Figure 5: Implementation timetable
final report published / December 2000
Code changes to implement report’s
conclusions and recommendations
forwarded to ACCC / February 2001
revised criteria for determination of
regions incorporated in Code / August 2001
NEMMCO publishes report recommending refined
regional structure based on revised
criteria / December 2001
new regional structure approved by NECA / April 2002
forward-looking loss factors introduced / July 2002
first settlement residue auction incorporating refined regional structure / September 2002
revised regional structure implemented / July 2003
1
The criteria should be recast to identify those which it is essential that any refined regional structure based on those criteria must meet and those where an appropriate balance between conflicting objectives will need to be struck within the decision-making process. NEMMCO should also be required, in drawing up its recommendations for a refined regional structure based on those criteria, explicitly to have regard to the same three-part test of theoretical and potential soundness, and the need for the outcomes to deliver a demonstrable overall improvement compared to the existing structure, that we have adopted in developing the revised criteria themselves.
Revised draft criteria for the determination of regions are set out in figure 4. An implementation timetable for the introduction of a refined regional structure based on those criteria is set out in figure 5.
Beyond the initial refined regional structure
The regional structure of the market will need to continue to evolve. The existing arrangements for reviews of regional boundaries, however, are at the same time unstable and introduce a lag between the occurrence of a constraint and the creation of a new region to reflect that constraint. They also involve very significant and unacceptable regulatory risk.
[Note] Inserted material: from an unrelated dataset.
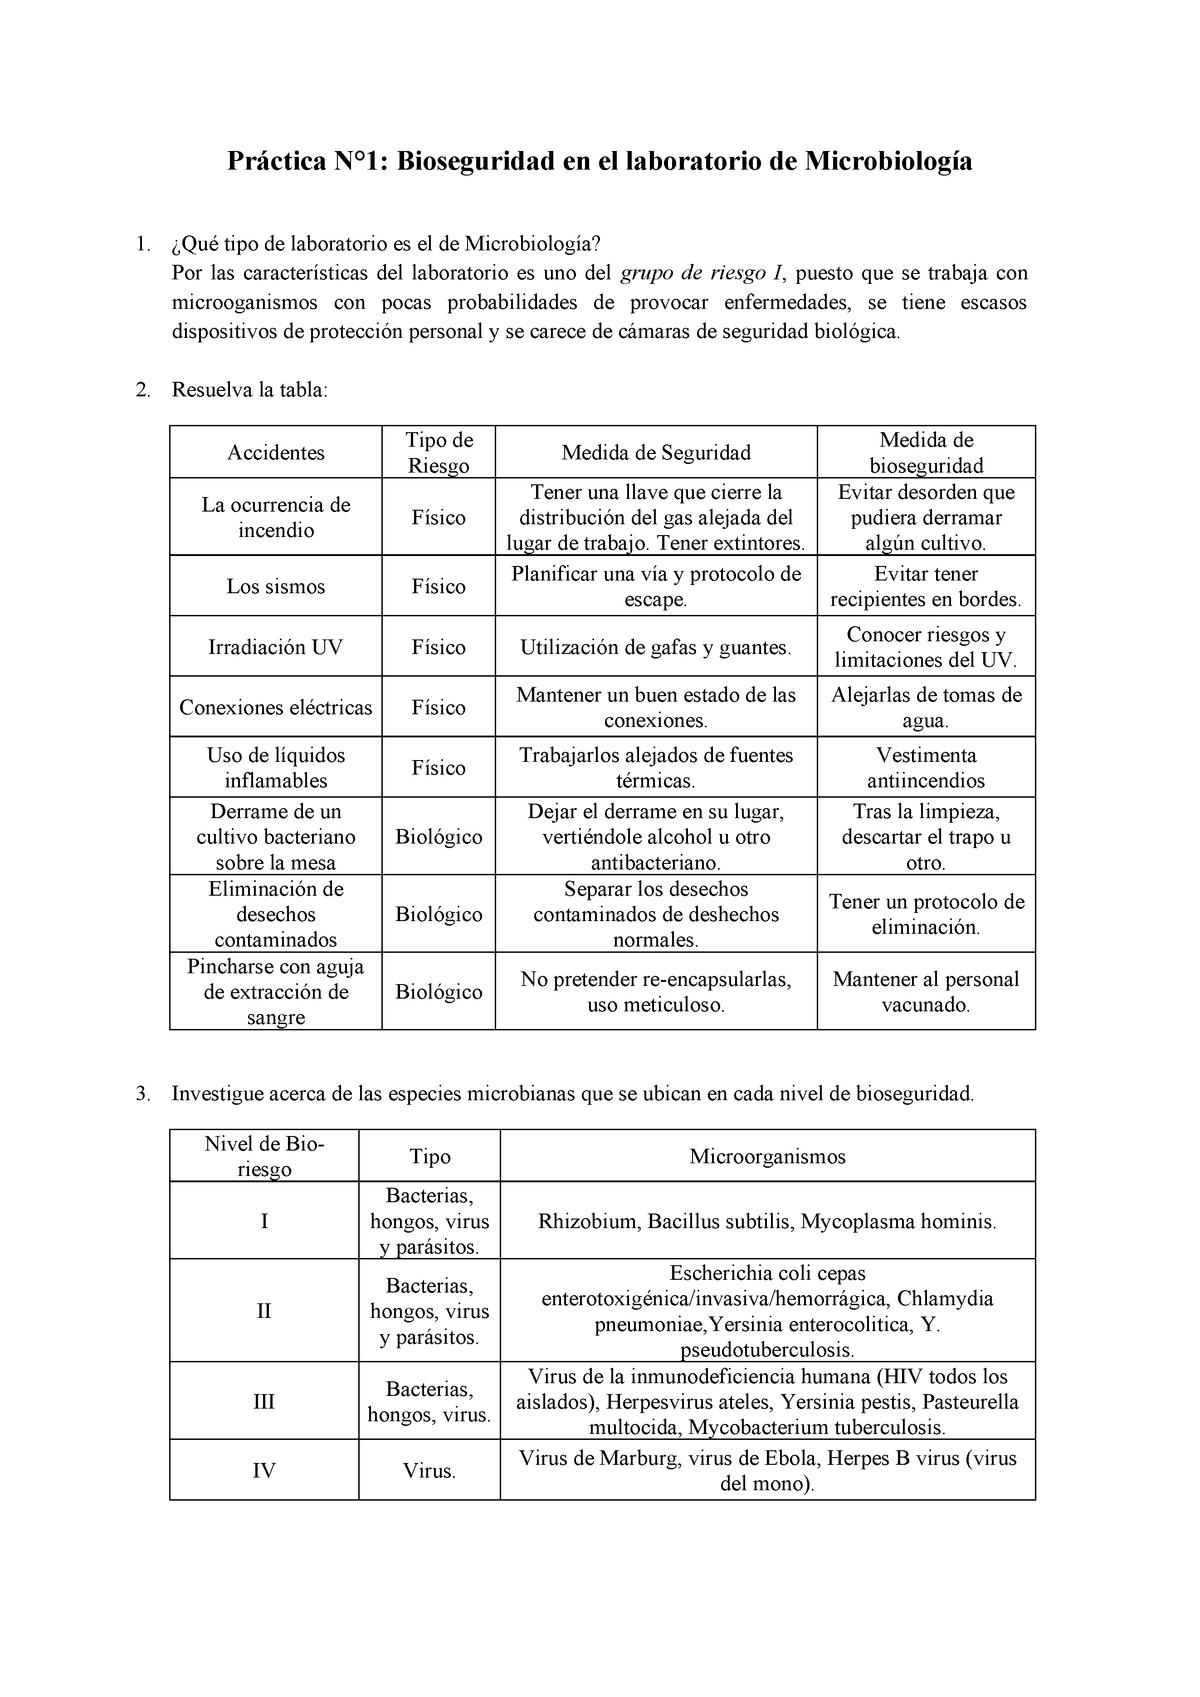 tabla de diferencias entre bacterias, virus, hongos y parásitos
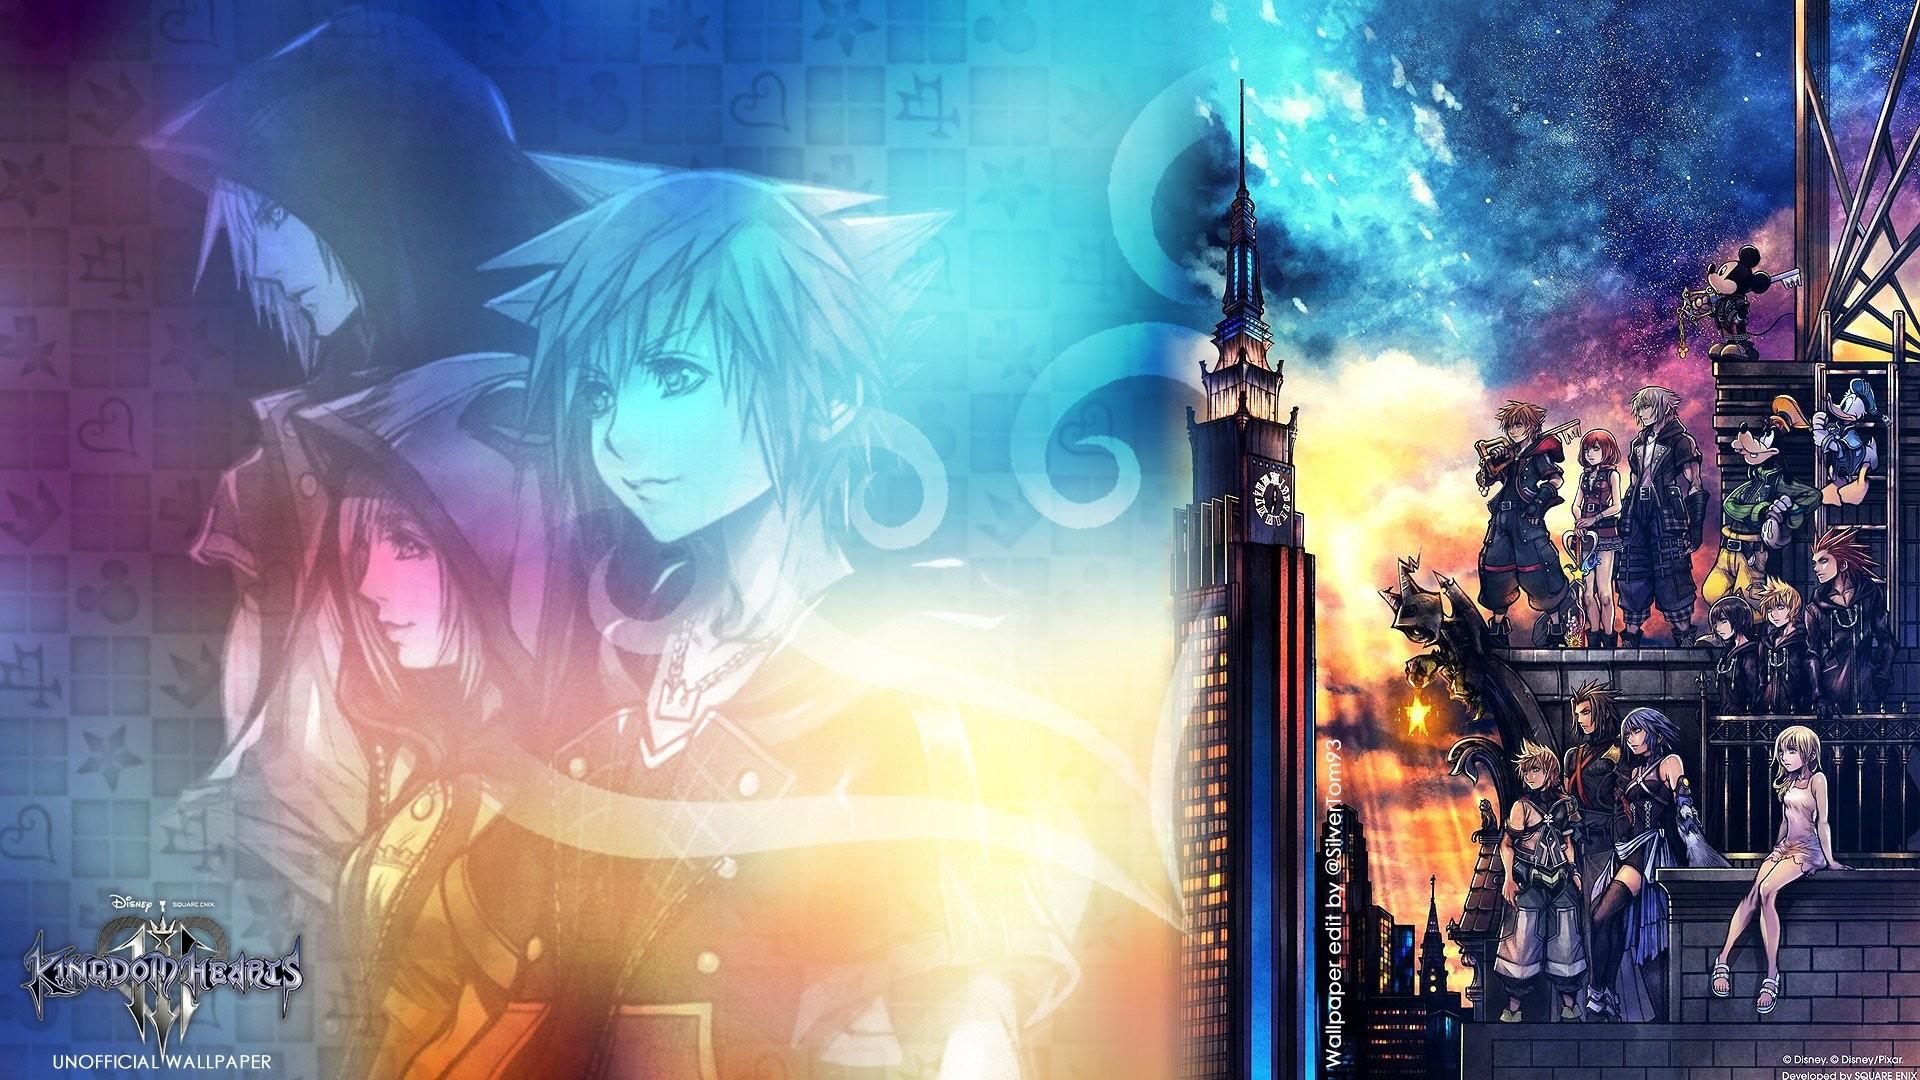 Kingdom Hearts 3 Full HD Wallpaper

In order to reduce that risk in the future, the outer boundaries of the new regions established under the refined structure that emerges from our review should remain fixed, at least until the first five-yearly review. There should, however, be scope to sub-divide a region where a new constraint emerges. The criteria for sub-division should be based on those used for determining the initial refined regional structure. Where a proposed sub-division is based on a forward look rather than historical information, however, it should require forecast breach of the criteria by a threshold of one-and-a-half times the underlying criterion.
Any subsequent sub-division of existing regions should be implemented, with a minimum six months’ notice, on 1 July each year. This will coincide with the annual recalculation of loss factors and therefore minimise disruption.
In order to help the market to prepare for likely sub-divisions of existing regions, NEMMCO should publish a regional assessment as part of its annual Statement of Opportunities.
There should also be regular five-yearly joint NECA and NEMMCO reviews of the regional structure, the first to be completed by July 2008, using the Code consultation procedures.
Improved risk management
The existing settlement residue auction arrangements have more than proved their worth. Overall, the proceeds from those auctions so far have totalled some $75million, compared to total actual residues of $114 million. Proceeds from the first two rounds of auctions represented less than 50 per cent of actual residues. Proceeds in the third quarter, however, were almost at par. Proceeds in the latest quarter actually exceeded residues by almost $2.5 million. Increasingly, therefore, the auctions represent good value for end-use customers, to whom those proceeds are returned through reduced transmission use of system charges. The survey we conducted as part of our review also overwhelmingly confirmed the value of the hedge instruments those arrangements allow them to construct to market participants.